You can calculate this accuracy of this model by calling the `score` function.

In [None]:
print("Accuracy on training set:", linear_model.score(X_train, Y_train))

In [None]:
print("Accuracy on test set:", linear_model.score(X_test, Y_test))

# Gradient Descent
Scikit-learn has a gradient descent regression model [sklearn.linear_model.SGDRegressor](https://scikit-learn.org/stable/modules/generated/sklearn.linear_model.SGDRegressor.html#examples-using-sklearn-linear-model-sgdregressor).  Like your previous implementation of gradient descent, this model performs best with normalized inputs. [sklearn.preprocessing.StandardScaler](https://scikit-learn.org/stable/modules/generated/sklearn.preprocessing.StandardScaler.html#sklearn.preprocessing.StandardScaler) will perform z-score normalization as in a previous lab.
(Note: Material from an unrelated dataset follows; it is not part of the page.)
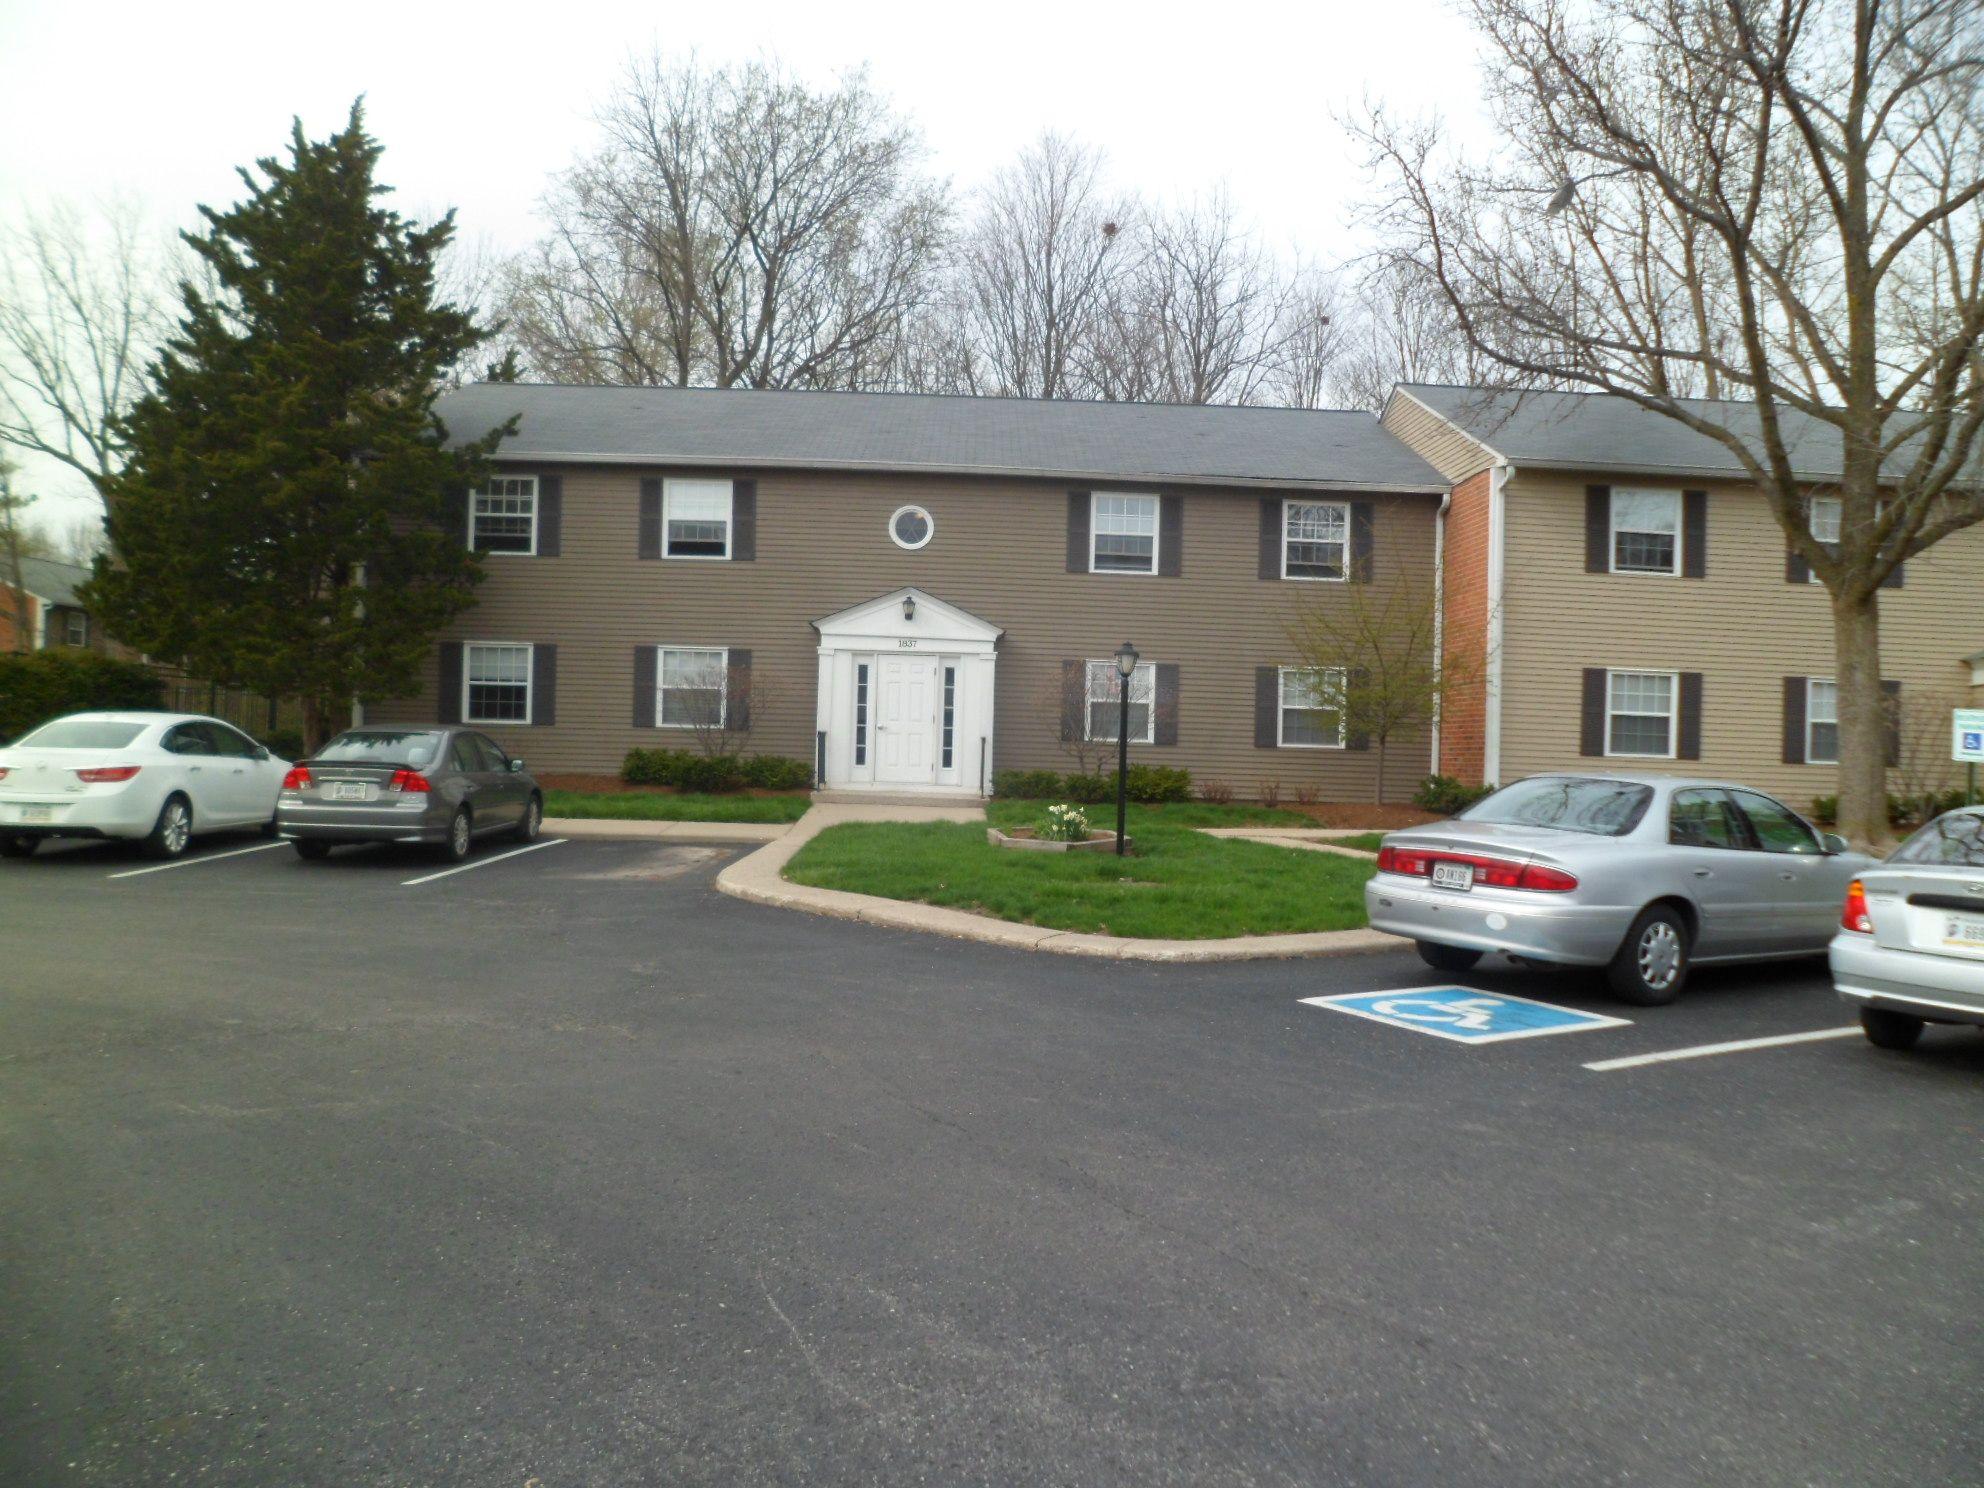 Apartment Complex In Indianapolis Indiana Apartment Complexes Apartment Home

Here it is referred to as 'standard score'.

In [None]:
from sklearn.linear_model import SGDRegressor
from sklearn.preprocessing import StandardScaler

### Scale/normalize the training data

In [None]:
scaler = StandardScaler()
X_norm = scaler.fit_transform(X_train)
print(f"Peak to Peak range by column in Raw        X:{numpy.ptp(X_train,axis=0)}")   
print(f"Peak to Peak range by column in Normalized X:{numpy.ptp(X_norm,axis=0)}")

scaler = StandardScaler()
X_norm = scaler.fit_transform(X_train)
print(f"Peak to Peak range by column in Raw        X:{np.ptp(X_train,axis=0)}")   
print(f"Peak to Peak range by column in Normalized X:{np.ptp(X_norm,axis=0)}")

### Create and fit the regression model

In [None]:
sgdr = SGDRegressor(max_iter=1000)
sgdr.fit(X_norm, Y_train)
print(sgdr)
print(f"number of iterations completed: {sgdr.n_iter_}, number of weight updates: {sgdr.t_}")

### View parameters
Note, the parameters are associated with the *normalized* input data. The fit parameters are very close to those found in the previous lab with this data.

In [None]:
b_norm = sgdr.intercept_
w_norm = sgdr.coef_
print(f"model parameters:                   w: {w_norm}, b:{b_norm}")

### Make predictions
Predict the targets of the training data. Use both the `predict` routine and compute using $w$ and $b$.

In [None]:
# make a prediction using sgdr.predict()
y_pred_sgd = sgdr.predict(X_norm)
# make a prediction using w,b. 
y_pred = numpy.dot(X_norm, w_norm) + b_norm  
print(f"prediction using np.dot() and sgdr.predict match: {(y_pred == y_pred_sgd).all()}")

print(f"Prediction on training set:\n{y_pred[:4]}" )
print(f"Target values \n{Y_train[:4]}")

### Plot Results
Let's plot the predictions versus the target values.

In [None]:
# plot predictions and targets vs original features 
dlc = dict(dlblue = '#0096ff', dlorange = '#FF9300', dldarkred='#C00000', dlmagenta='#FF40FF', dlpurple='#7030A0')
fig,ax=plt.subplots(1,4,figsize=(12,3),sharey=True)
for i in range(len(ax)):
    ax[i].scatter(X_train[:,i],Y_train, label = 'target')
    ax[i].set_xlabel(X_features[i])
    ax[i].scatter(X_train[:,i],y_pred,color=dlc["dlorange"], label = 'predict')
ax[0].set_ylabel("PE"); ax[0].legend();
fig.suptitle("target versus prediction using z-score normalized model")
plt.show()

## Goodness of fit

In [None]:
import statsmodels.formula.api as smf

#fit linear regression model
model = smf.ols(formula="PE ~ AT + V + AP + RH", data=dataset).fit()

#view model summary
print(model.summary())

The $R^2$ for this model is 0.929, which means that it explains roughly 93% of the variance of the output power. Interpretation of this number is dependent on the application (for instance, models used to understand health effects tend to have lower $R^2$ values than those used for physical models), but is quite satisfactory for this application.